As you sit down to read this today, it is Wednesday, the middle of the week. You are smack dab in the middle of the craziness of life in the modern world. Work is busy, family and relational pressures are beginning to wear on you. Church responsibilities are becoming more of a burden than a privilege. Is this a fair description of your state of being? Are these, and other, factors beginning to fray the edges of your heart? Do you find that when this kind of fatigue sets in that you are a little more susceptible to your pet temptations? Perhaps the piece of pie after lunch looks a little sweeter. The second glance at that pretty woman or that handsome man doesn’t seem so harmful. The raised voice and harsh words to the kids seem more justified. The little nip from the bottle to take the edge off at the end of day seems like a logical course of action. Here, in the middle of the week, do these thoughts that seemed so detestable to you on Sunday creep up and become enticing?

Why is that? How can we so quickly fall into the trap of the sin that we thought we had already given up to Jesus? Today’s passage holds some keys to this question.

Read Philippians 4:6-9.

What are we called to do with our anxious, stressed out thoughts?

What will we receive when we do this?

What will happen to us when we receive this?

In vv. 8-9 what is supposed to be the focus of our thought life?

Food for thought:

Proverbs 4:23, “Above all else, guard your heart, for it is the wellspring of life.” If you have spent any time meditating on that verse you should have asked the first and most obvious question, “How do you guard your heart?” Today’s passage gives us a little clue and one specific way to guard our hearts. If we want to guard our heart then we need to dump all of our worries at the feet of Jesus. Worrying, being “anxious”, about things is like hardening of the arteries of the soul. Worrying chokes us physically, emotionally, and spiritually. When we worry we get tense in the shoulders which restricts flow of blood to the head and causes tension headaches. Worrying causes gastrointestinal distress and can cause us to double over with abdominal pain. Worry can give us chest pains and heart problems. Worry is a form of fear and fear causes our brain to retreat from the logical, upper brain, and regress into the reactionary, emotional part of our brain where the flight or fight reflexes are more apt to kick into gear at the drop of a hat. We become hyper-alert and overly cautious and paranoid of people, keeping them at an arms distance for fear that they may be dangerous. When we worry we hold on to things and can’t let them go.

Steven Covey defines worry as stressing over things that we can’t control anyway. Think about it. If we could control something, we would, and then it would be under control and we wouldn’t think about it. So, when we worry we are wasting energy, stressing ourselves out, and making it extremely difficult to experience the love of others and the love of God in our lives.

Paul encourages believers to take those anxious thoughts and present them to Jesus. When we realize that we are not in control of our lives and that Jesus is in control, then we can let go. One by one our fingers are pried off of whatever we are holding on to, and, as the grip is relaxed, the peace of God begins to flow into our souls.
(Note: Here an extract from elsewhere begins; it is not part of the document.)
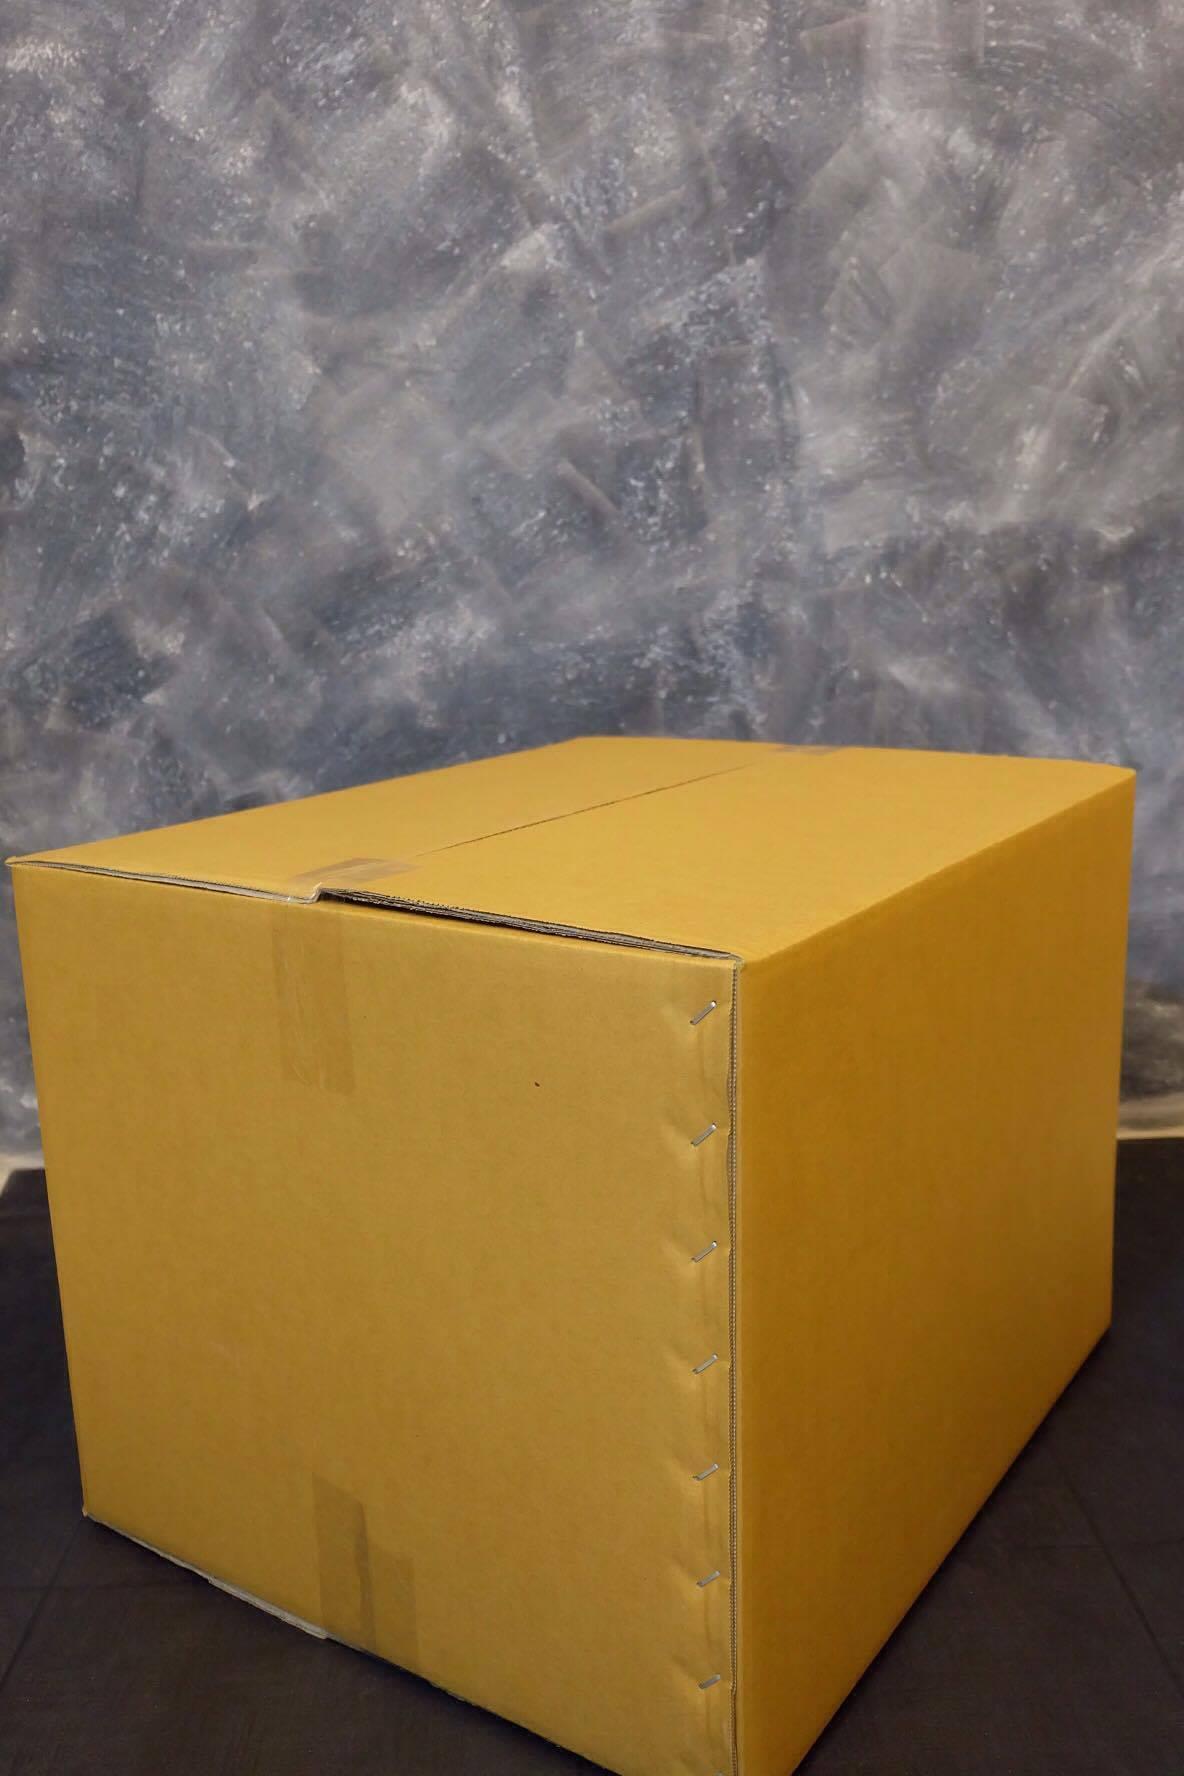 กล่องพัสดุ เบอร์ I (6) หนา 3 ชั้นไม่พิมพ์ (45x55x40 cm.)

When the peace of God begins to take root, then everything changes. When we are at peace we don’t see everyone around us as the opposition or the reason for our stress. We can begin to see people as an opportunity to express love. When we are at peace, we don’t have to be in a hurry. We can take time to do the important things like read the Bible, talk with friends, hug our kids, and go for a walk. When we are at peace, the edges of our hearts are not frayed. When we are at peace, we have the ability to focus our minds on the list found in vv. 8-9. When we focus our minds on these things then the little temptations that we face will not even be able to get onto our radar and we will be able to see them for the little, ugly imps that they truly are.

So, take a deep breath. If you are stressed, write down the things that are freaking you out and hold them up in the air. Say, “Father, I give these things to you. I can’t handle them, but I know you can. Please let your peace flood my soul and allow me to see this situation from an eternal perspective.” Today, may the peace of God, which surpasses all understanding, guard your heart in Christ Jesus.